Virtual Private LAN Service (VPLS) is a VPN technology that enables Ethernet multipoint services (EMSs) over a packet-switched network infrastructure. VPN users receive an emulated LAN segment that offers a Layer 2 broadcast domain. The end user perceives the service as a virtual private Ethernet switch that forwards frames to their respective destinations within the VPN.
Ethernet is the technology of choice for LANs due to its relative low cost and simplicity. Ethernet has also gained recent popularity as a metropolitan area network (MAN or metro) technology.
A multipoint technology allows a user to reach multiple destinations through a single physical or logical connection. This requires the network to make a forwarding decision based on the destination of the packet. Within the context of VPLS, this means that the network makes a forwarding decision based on the destination MAC address of the Ethernet frame. A multipoint service is attractive because fewer connections are required to achieve full connectivity between multiple points. An equivalent level of connectivity based on a point-to-point technology requires a much larger number of connections or the use of suboptimal packet forwarding.
In its simplest form, a VPLS consists of several sites connected to provider edge devices implementing the emulated LAN service. These provider edge devices make the forwarding decisions between sites and encapsulate the Ethernet frames across a packet-switched network using a virtual circuit or pseudowire. A virtual switching instance (VSI) is used at each provider edge to implement the forwarding decisions of each VPLS. The provider edges use a full mesh of Ethernet-emulated circuits (or pseudowires) to forward the Ethernet frames between provider edges.
One security flag is that the broadcast/multicast packet replication occurs in the backbone (PE), and this factor could be high?for example greater than 10 or 20 depending on the number of PEs involved in the VPN. Therefore, what may appear "reasonable" at the U-PE and local loop could have a DoS impact on the backbone itself. This is a deployment planning matter that the network architect should be cognizant of.
VPLS uses a Layer 2 architecture to offer multipoint Ethernet VPNs that connect multiple sites over a metropolitan area network (MAN) or WAN. Other technologies also enable Ethernet across the WAN, including Ethernet over MPLS, Ethernet over Layer 2 Tunneling Protocol Version 3 (L2TPv3), Ethernet over SONET/SDH, and Ethernet Bridging over Any Transport over MPLS (AToM). Even though most VPLS sites are expected to connect via Ethernet, they may connect using other Layer 2 technologies (ATM, Frame Relay, or Point-to-Point Protocol [PPP], for example). Sites connecting with non-Ethernet links exchange packets with the provider edge using a bridged encapsulation. The configuration requirements on the customer edge device are similar to the requirements for Ethernet interworking in point-to-point Layer 2 services.
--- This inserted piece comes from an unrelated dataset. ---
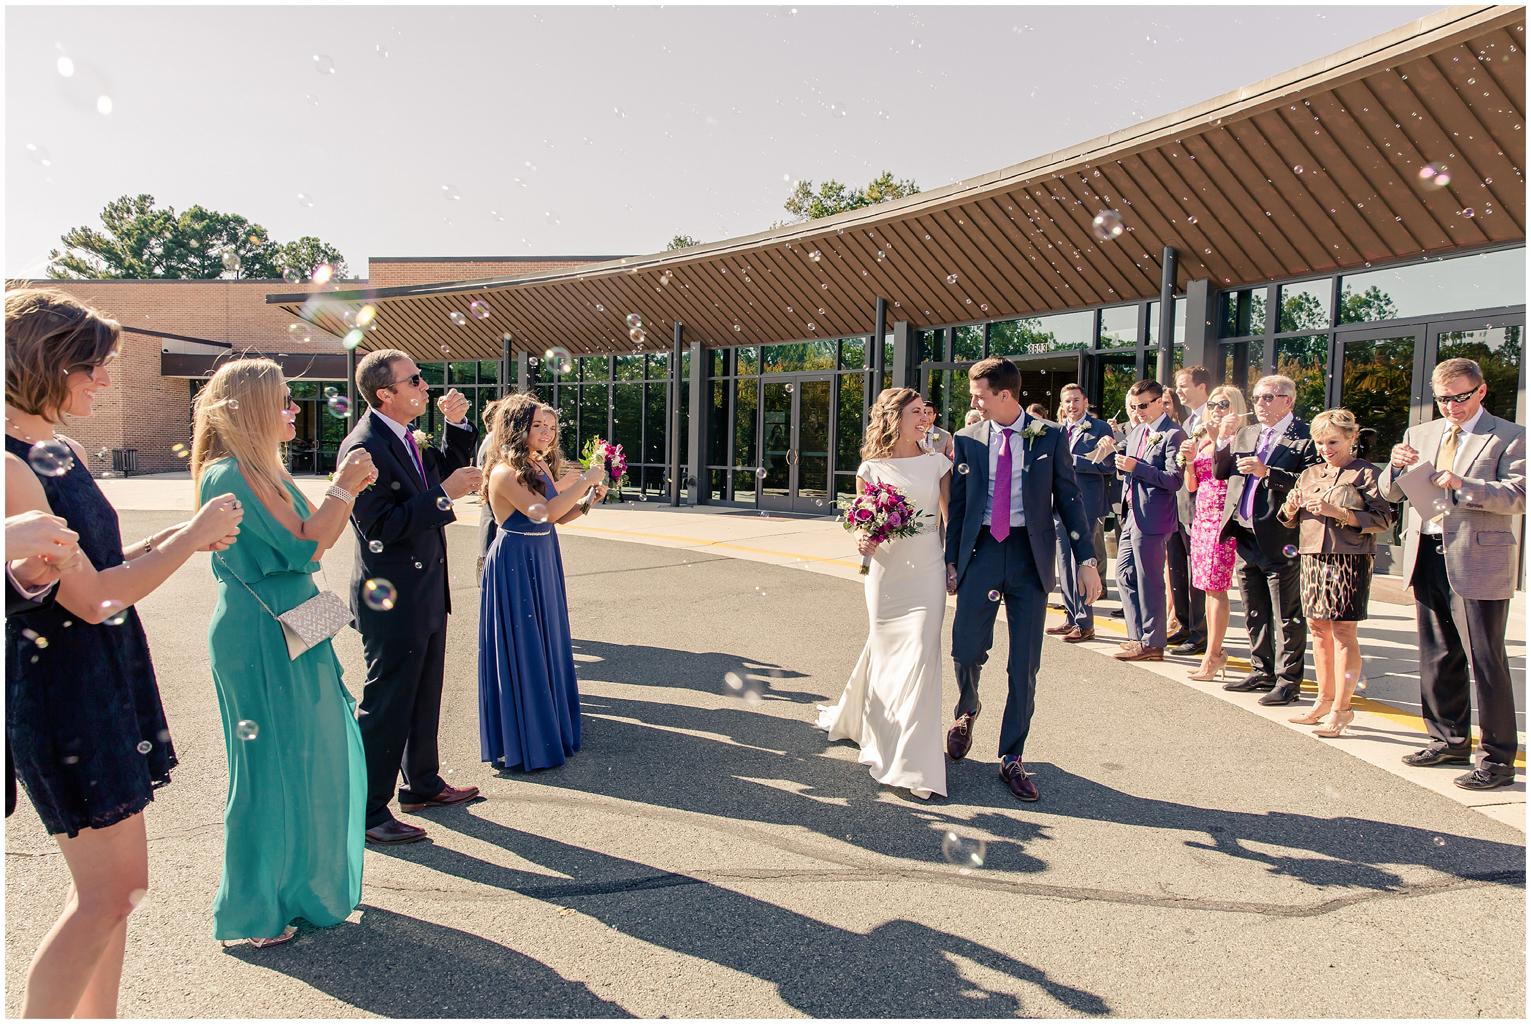 ritz-carlton-georgetown-wedding-washington-dc-photography-liz-stewart-photo-00025

This section is specific to multipoint constructs. VPLS is designed for applications that require multipoint or broadcast access. Using established VPLS, service providers can create a Layer 2 "virtual switch" over an MPLS core to establish a distributed network access point (NAP). The NAP permits transparent private peering between multiple service providers (SPs) and delivers connections to multiple sites within a specific metro region.
SP-to-SP VPLS can be supported using either Border Gateway Protocol (BGP) or Label Distribution Protocol (LDP). LDP provides more granular control of communication and quality of service between VPLS nodes, more control per node, and is a consistent signaling option to support MPLS, VPLS, or VPWS, whereas BGP communicates the same information to all nodes participating in a VPLS. The hierarchical VPLS architecture includes customer edge devises connected to provider edge routers that aggregate VPLS traffic before it reaches the network provider edge routers, where the VPLS forwarding occurs. In summary, key VPLS architectural attributes include the use of BGP or RADIUS for discovery membership and the use of LDP to establish pseudowires per broadcast domain instance.